L'igoumène n'insista plus; il récita les prières des voyageurs, le bénit et tous les frères prirent congé de lui.

Et de nouveau Maxime se retrouva à cheval au milieu d'une verte forêt. Comme auparavant, Bouian sautait autour du cheval et regardait joyeusement son maître. Tout à coup, il se mit à aboyer et à courir en avant. Maxime avait déjà mis la main à son sabre dans l'attente d'une fâcheuse rencontre, lorsqu'il vit apparaître, au tournant de la route, un cavalier en caftan jaune avec un aigle noir à deux têtes brodé sur la poitrine. Le cavalier trottait, sifflait gaiement et tenait sur son gant bariolé un faucon blanc encapuchonné et enchaîné. Maxime reconnut un des fauconniers du Tzar.

—Trifon, s'écria-t-il!

—Maxime Gregoritch, exclama joyeusement le fauconnier, bonne santé! comment se porte ta Seigneurie? Tu es donc ici? A la Sloboda, nous te croyions perdu. Il fallait voir la colère de ton père! c'était terrible. Bien des bruits ont couru sur ton père, sur le Tzarévitch et sur le prince Sérébrany. On ne sait plus à qui croire. Dieu merci, te voilà retrouvé! C'est ta mère qui sera heureuse!

Cette rencontre contraria Maxime. Mais Trifon était un bon garçon et savait se taire au besoin. Maxime lui demanda s'il y avait longtemps qu'il avait quitté la Sloboda.

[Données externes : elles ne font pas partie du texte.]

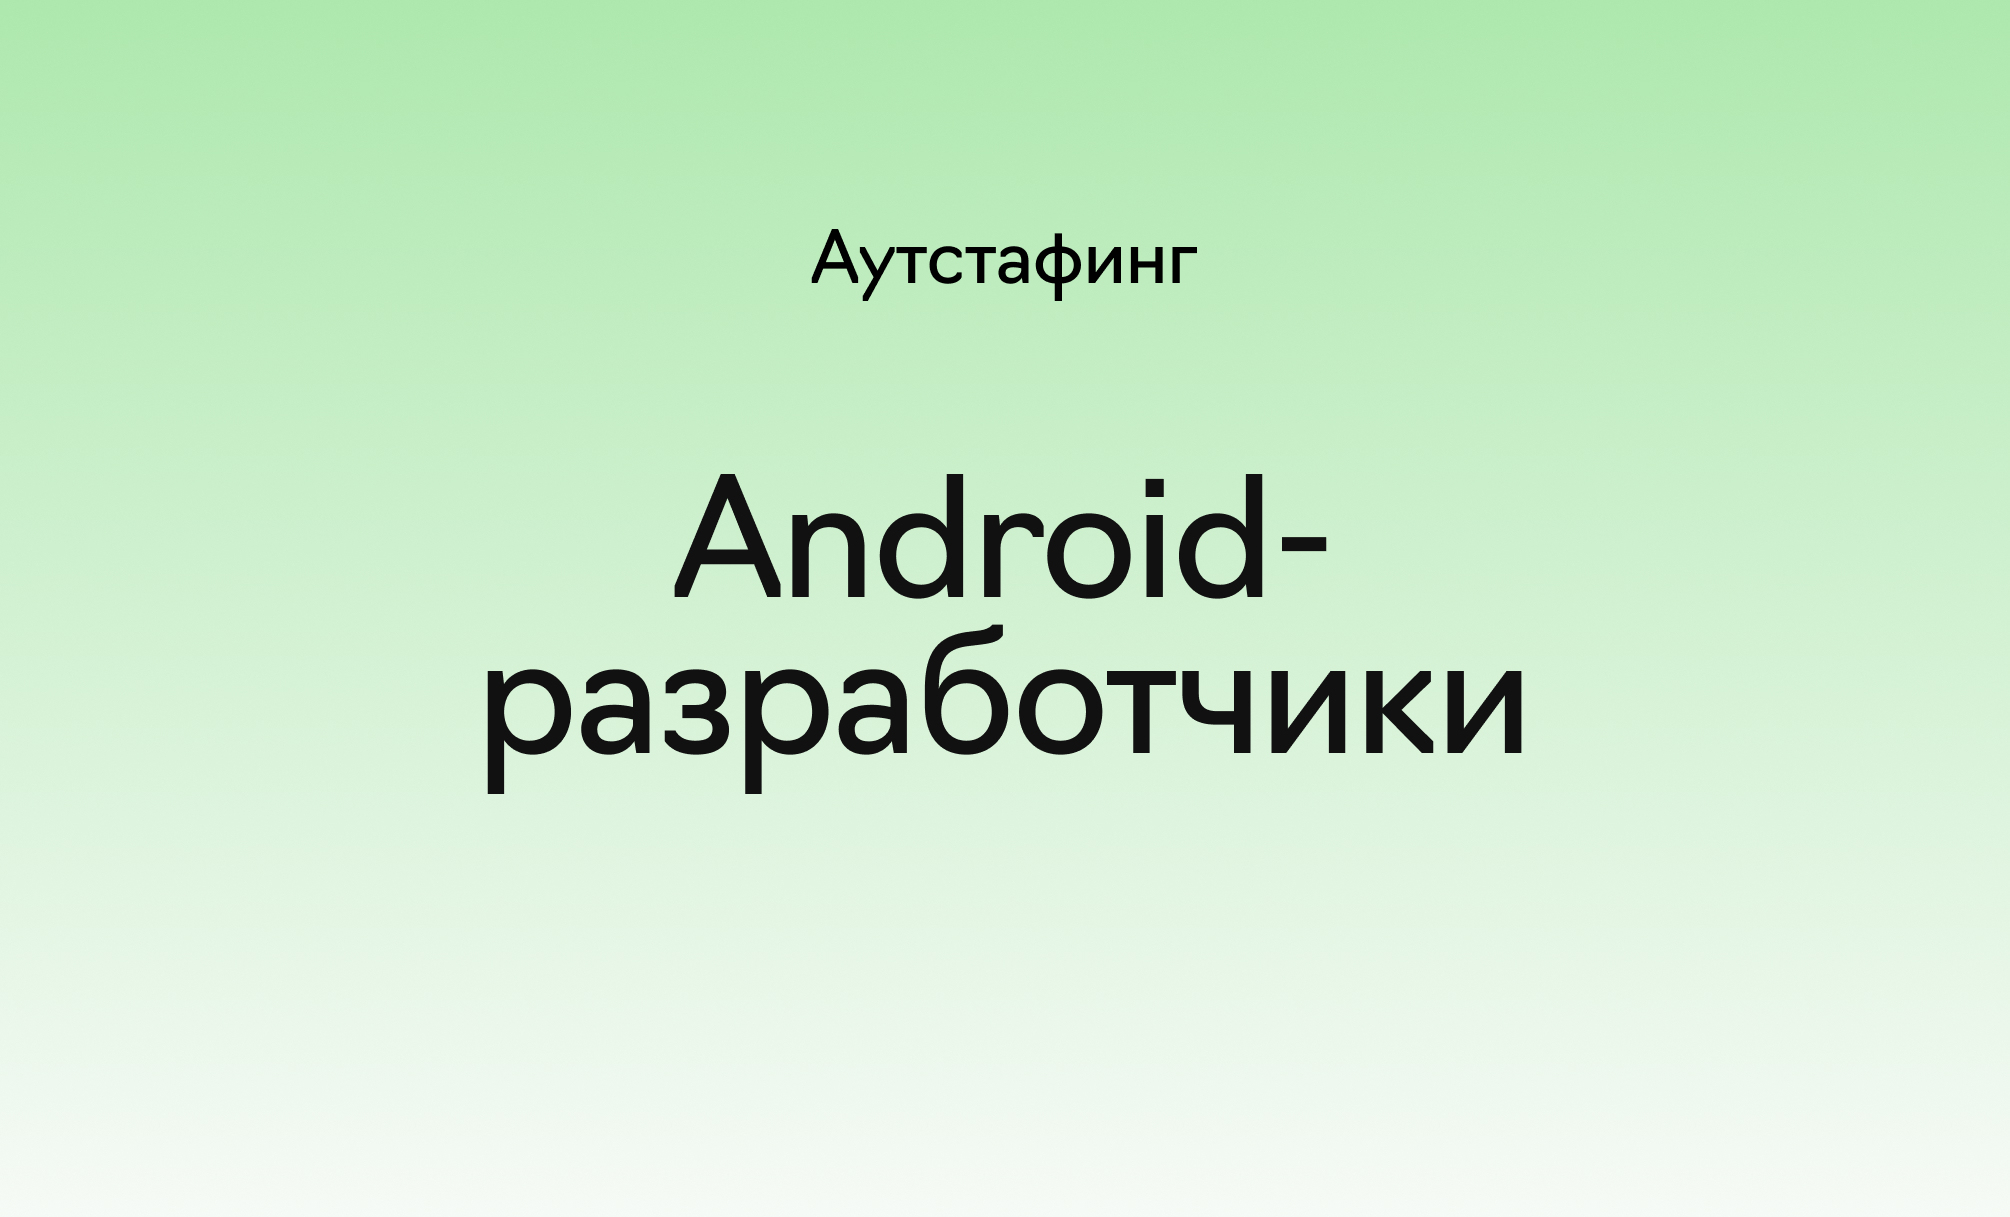 Аутстаффинг Android-разработчиков в&nbsp;«Лайв&nbsp;Тайпинге», фотография 1

—Il y a déjà une semaine qu'Adragan s'est échappé, répondit-il, en montrant le faucon. Mais tu ne sais peut-être pas cette histoire? J'ai eu une jolie peur en voyant le Tzar si furieux! Mais Dieu et le bienheureux martyr Trifon ont eu pitié de moi.

Le fauconnier ôta son chapeau et fit le signe de la croix.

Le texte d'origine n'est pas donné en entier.